Swimming Pool (2003)
6/10
Trauma as Narrative in Swimming Pool
13 February 2005
Warning: Spoilers
I do not agree with the majority that the filmmaker intended the protagonist's stay at the house to be a creative hallucination. I think that there are enough narrative details to work out the whole thing. My view is that the girl who appears at the house -- Julie -- is the publisher's daughter, and that the girl who appears at the end of the movie in the publisher's office -- Julia -- is the child that he had with Julie (and therefore his daughter/ granddaughter). In other words, the publisher raped his daughter Julie, and the child they had is Julia. I took the point of the final sequence to be the writer's noting the similarity between mother and child.

Julie displays classic symptoms of having been sexually abused as a child by her father. First, she is a nymphomaniac with a penchant for older men (she is repeating the traumatic event).
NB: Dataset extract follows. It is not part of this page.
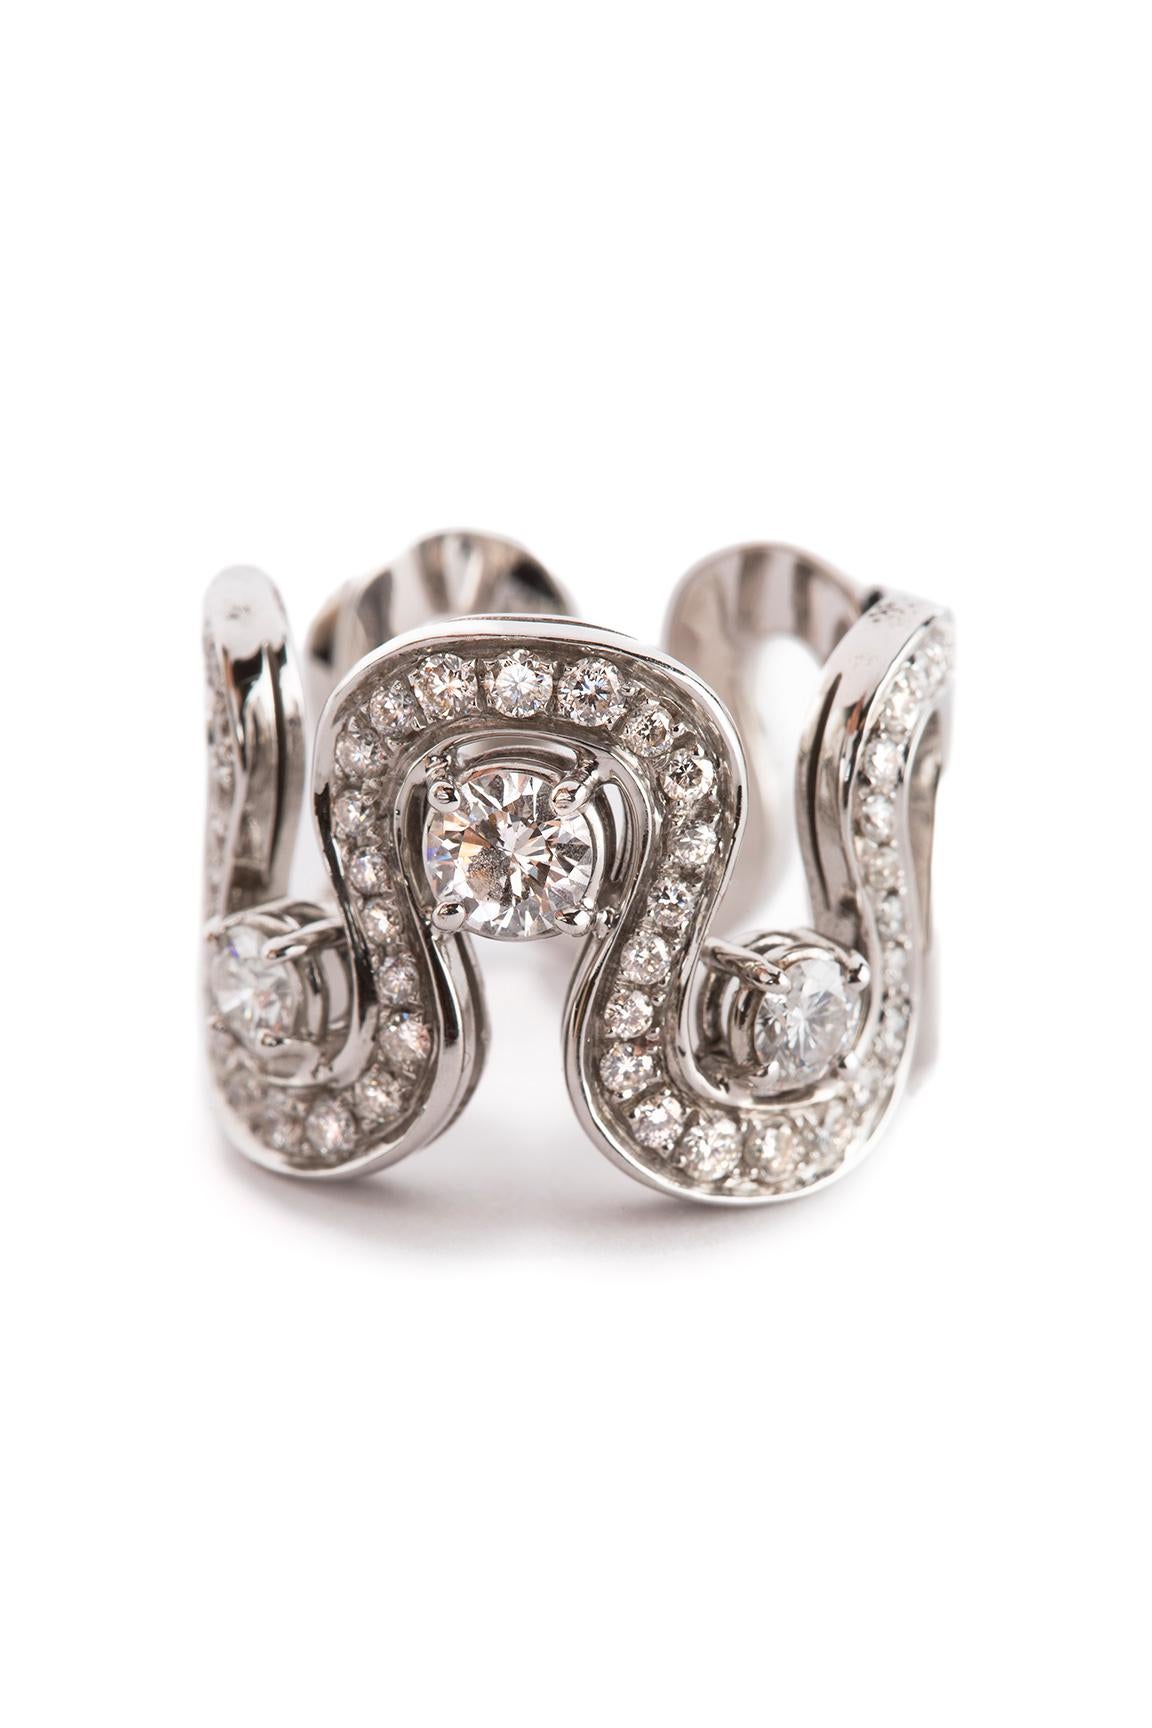 Brilliant Cut Rossella Ugolini 18K Gold 1.54 Carats White Diamond Engagement Design Ring For Sale

Second, she experiences a complete fugue when she hysterically identifies the protagonist as her mother and fears that she had abandoned her (the way her real mother abandoned her and allowed her to be raped by her father.) Third, Julie makes numerous references to the sexually predatory nature of her father: "He's the king of the orgies"; "you're his latest conquest"; and her introducing one of her older lovers to Marcel as "her father." Fourth, the murder of the waiter is what she has wanted to do to her father (and to all men), and it occurs when she has cast the writer as her mother and therefore returned to the dynamics of her rape.

Further bits of narrative emerge when, at their dinner, Julie tells the writer that her first sexual experience was at 13. I think this experience was her rape by the publisher. It's not stated how old Julie is, but, assuming she's in her mid-twenties, the girl Julia at the end could certainly be her daughter if she had her at 13. I think that Marcel's daughter's stating nervously that Julie's mother's death was an "accident" suggests that, distraught over the publisher's rape of her daughter, she killed herself. The large stomach scar is the Cesarean section by which the incestuous child Julia was born.

The novel that the protagonist writes is the story of this incestuous rape. The detective writer has found her biggest mystery yet -- a family mystery, and her publisher is the villain. This is why he tries to undermine her confidence about the book and suggests that it shouldn't be published. If it were, then the story of his incestuous villainy would be known.

The way the protagonist smiles so warmly at Julia when she sees her at the office is meant to display her warmly realizing how she resembles her mother Julie in some ways (although much younger and not yet sexualized.) And the final scene of the waving is meant to further identify the mother with her child.

In this way, the movie employs the same family secret as "Chinatown."